Question

The last stage of a rocket, which is traveling at a speed of 7700 m/s, consist of two parts that are clamped together: a rocket case with a mass of 250.0 kg and a payload capsule with a mass of 100.0 kg. When the clamp is released, a compressed spring causes the two parts to separate with a relative speed of 910.0 m/s. Assume that all velocities are along the same line.What are the speeds of (a) the rocket case and (b) the payload after they have separated? Assume that all velocities are along the same line.

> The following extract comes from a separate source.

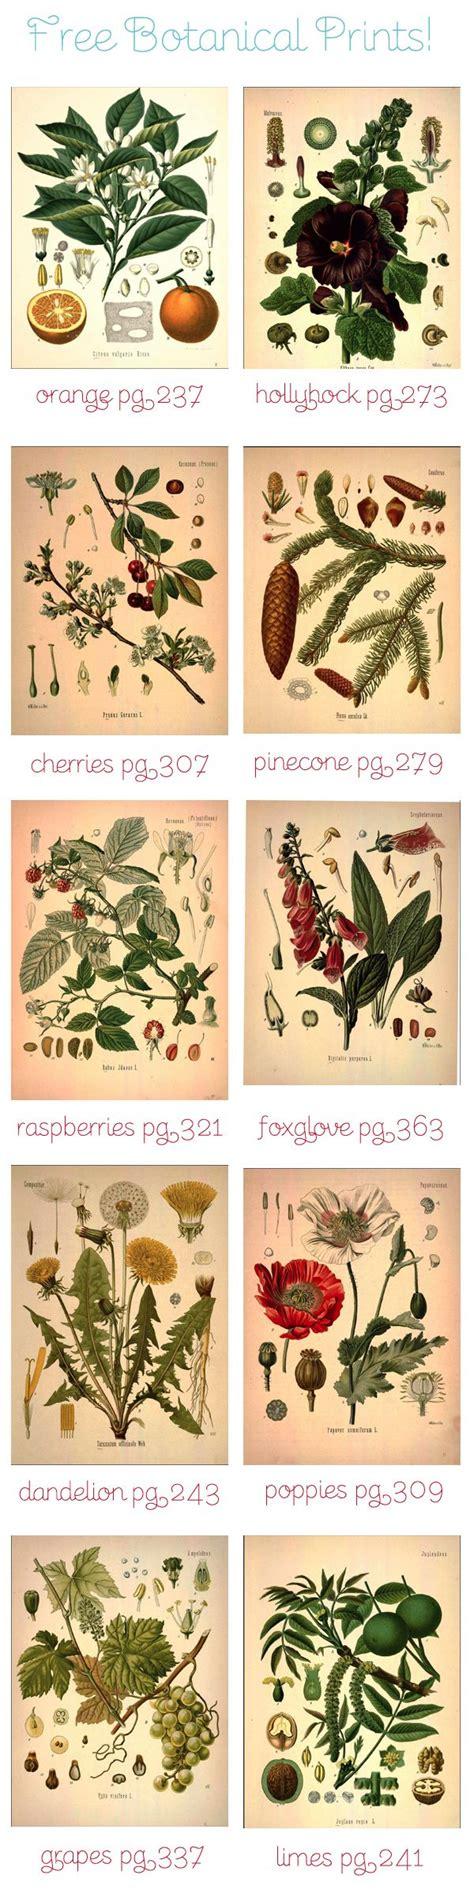 printable botanical art free botanical art house ideas pinterest botanical

Find the total kinetic energy of the two parts (c) before and (d) after they separate. (e) Account for the difference.

Answer 1

Answer:

Explanation:

Let the velocity of rocket case and payload after the separation be v₁ and v₂ respectively. v₂ will be greater because payload has less mass so it will be fired with greater speed .

v₂ - v₁ = 910

Applying law of conservation of momentum

( 250 + 100 ) x 7700 = 250 v₁ + 100 v₂

2695000 = 250 v₁ + 100 v₂

2695000 = 250 v₁ + 100 ( 910 +v₁ )

v₁ = 7440 m /s

v₂ = 8350 m /s

Total kinetic energy before firing

= 1/2 ( 250 + 100 ) x 7700²

= 1.037575 x 10¹⁰ J

Total kinetic energy after firing

= 1/2 ( 250 x 7440² + 100 x 8350² )

= 1.0405325 x 10¹⁰ J

The kinetic energy has been increased due to addition of energy generated in firing or explosion which separated the parts or due to release of energy from compressed spring.